Aquaponics has multiple advantages, and one of them implies growing most types of plants – from lettuce and spinach to strawberries and carrots. Aquaponics seeds require a bit of work though, but the final result will be totally worth it.
If you are new to this system, planting in aquaponics might feel a bit challenging. After all, you plant everything in water, rather than soil. However, as you become familiar with the basics, the system is actually straightforward and easy to understand.
What could grow in aquaponics
There are more aquaponics seeds you can rely on, and different types require different living conditions. At this point, you have to determine the most appropriate grow bed for your system. Certain plants will grow faster and larger in a floating raft – leafy greens like lettuce make an excellent choice then. On the other hand, you can also rely on media beds – common for fruits and root vegetables.
It pays off choosing varieties that will also match your climate. The temperature is impossible to control. Sure, you can rely on a greenhouse, but your plants will grow much faster if they feel like in their natural environment. From this point of view, you should stick to cold weather crops when the weather is bad and warm weather alternatives throughout the summertime.
A bit of a mixture will also help. You can have lettuce and other fast-growing plants, but mix them with slow-growing varieties – peppers, kale, or tomatoes. It may seem a bit challenging to find a balance between all these plants at once, but succession planting allows having ready crops year-round. Some plants are harvested, while others are growing fast behind them. In other words, there are always some plants maturing up and ready for harvesting.
What to think about before planting aquaponics seeds
There are a few general considerations regarding aquaponics seeds.
Most importantly, you need to pay attention to the actual design. There are more types of grow beds out there, and each of them comes with specific considerations. Decide on the plants before you decide on the type of grow bed. Also, consider the space required by each plant. Consider the nutrient requirements, access, and compatibility. It helps having everything drawn on a piece of paper, only to ensure you do not make any mistakes.

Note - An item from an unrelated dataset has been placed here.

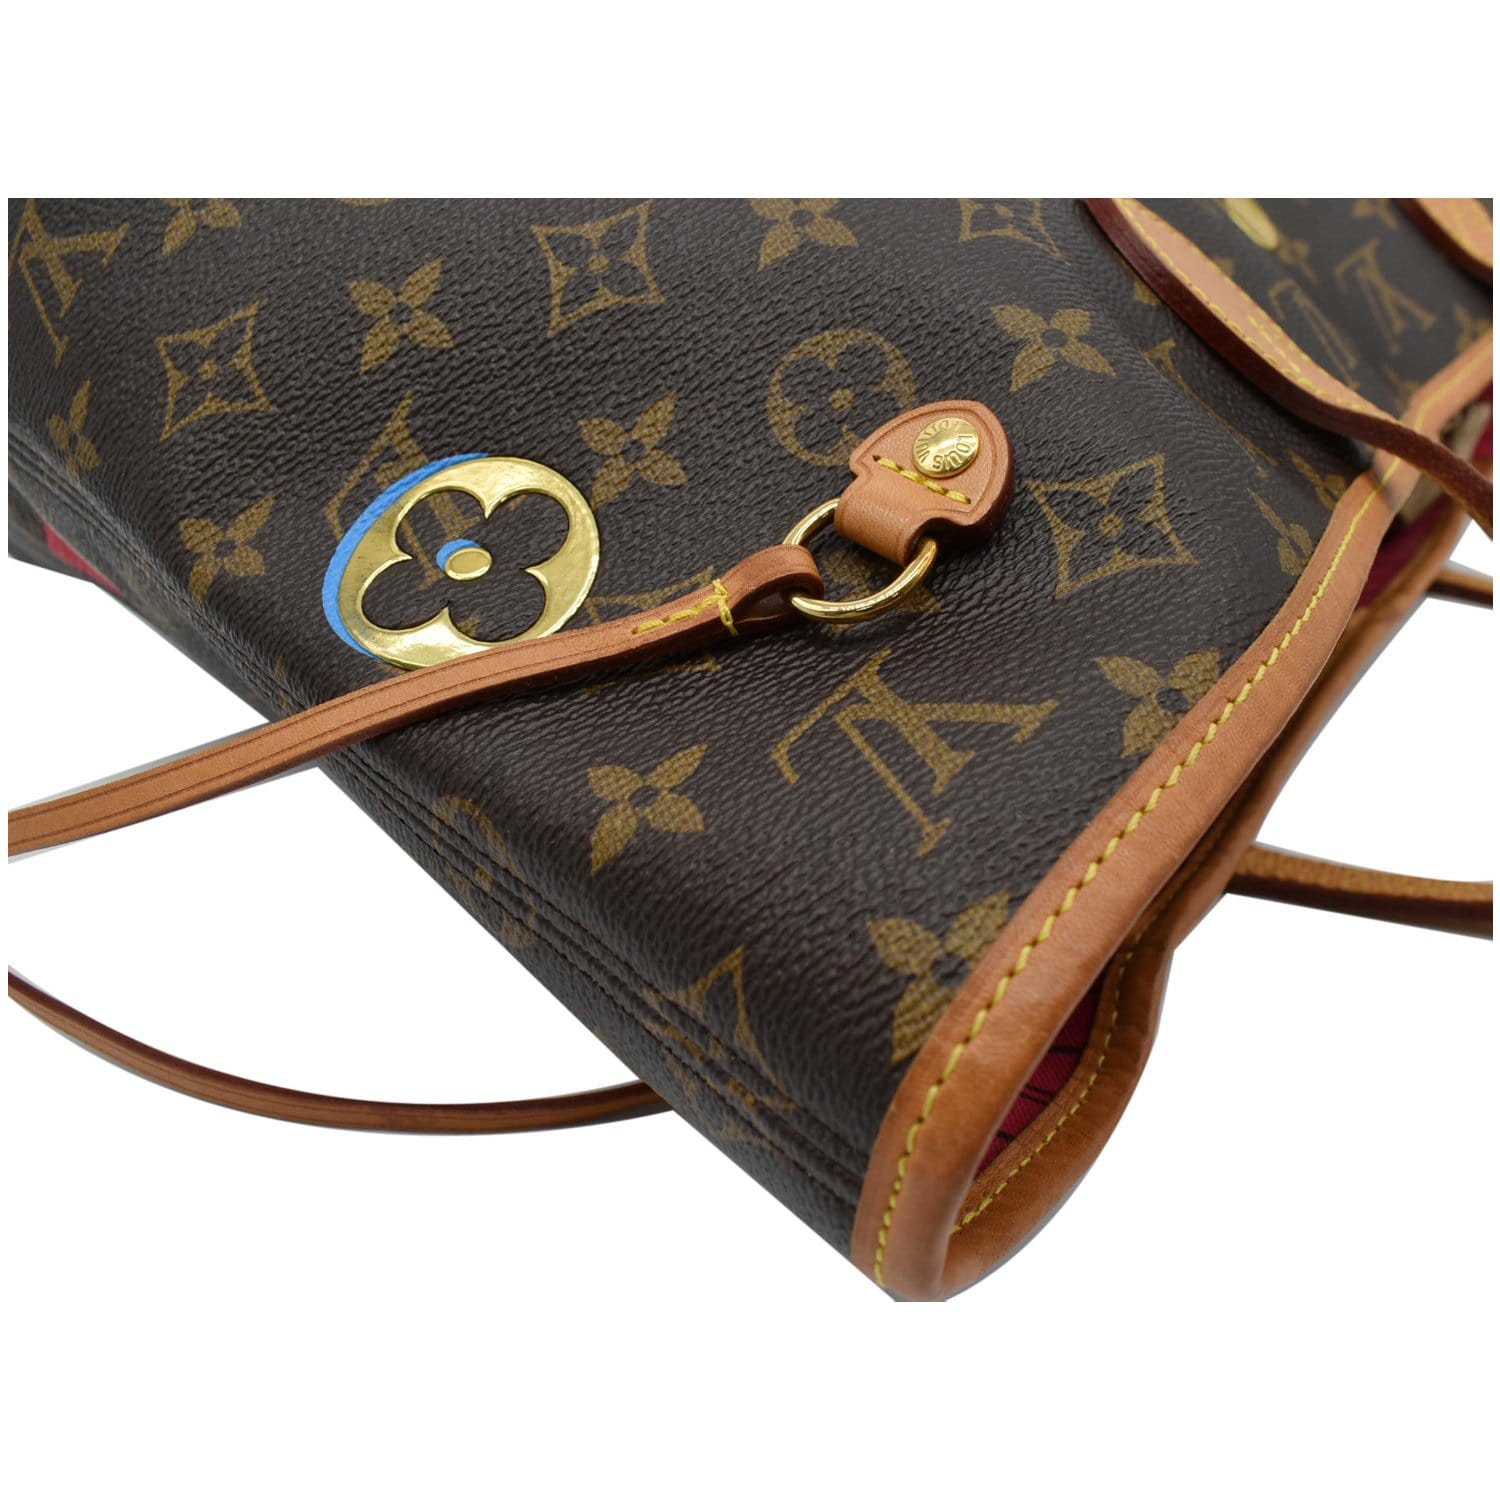 Neverfull MM Lovelock w/Wallet – Keeks Designer Handbags

In terms of diversity, keep in mind that plants can be attacked by parasites, which cause various diseases. If a single crop gets infected, the whole system can be ruined. This is why most experts recommend a bit of diversity – various species of plants.
Staggered planting is also a brilliant idea. You want consistency when it comes to harvesting and replanting. Not only do you have fresh food at all times, but you also maintain the balance in terms of filtering the water and grabbing enough nutrients.
Last, but not least, try to get as much as possible from the grow bed. For instance, you could invest in a vertical system. Then, you can also mix longterm and short-term plants. You harvest the short term options like greens, leaving more room for longterm plants like tomatoes. By the time the tomatoes mature, the greens will catch up from behind. If they all mature at the same time, you will not gain too much from the actual space, as they all require it.
Short guide on germinating aquaponics seeds
Germinating aquaponics seeds may seem complicated, but the process is quite intuitive. As you may already know, plants require oxygen, water, and the right temperature in order to germinate. Oxygen and water are taken in through the coating. Embryos will change the overall composition of the cell system, while the coat will break and make some room for roots. Later on, stems and leaves kick in as well.
Some seeds are harder than others, and the coating will not really allow oxygen and water to get in. You can also scratch such seeds or soak them in water. Such procedures will soften the shell, helping the seed germinate much quicker. Exaggerating with the water will not really help if there is not enough oxygen to compensate for it. Dry conditions or planting the seeds at a high depth are contraindicated too.
Aquaponics seed starting solutions
There are a few different ways to start seeding in aquaponics.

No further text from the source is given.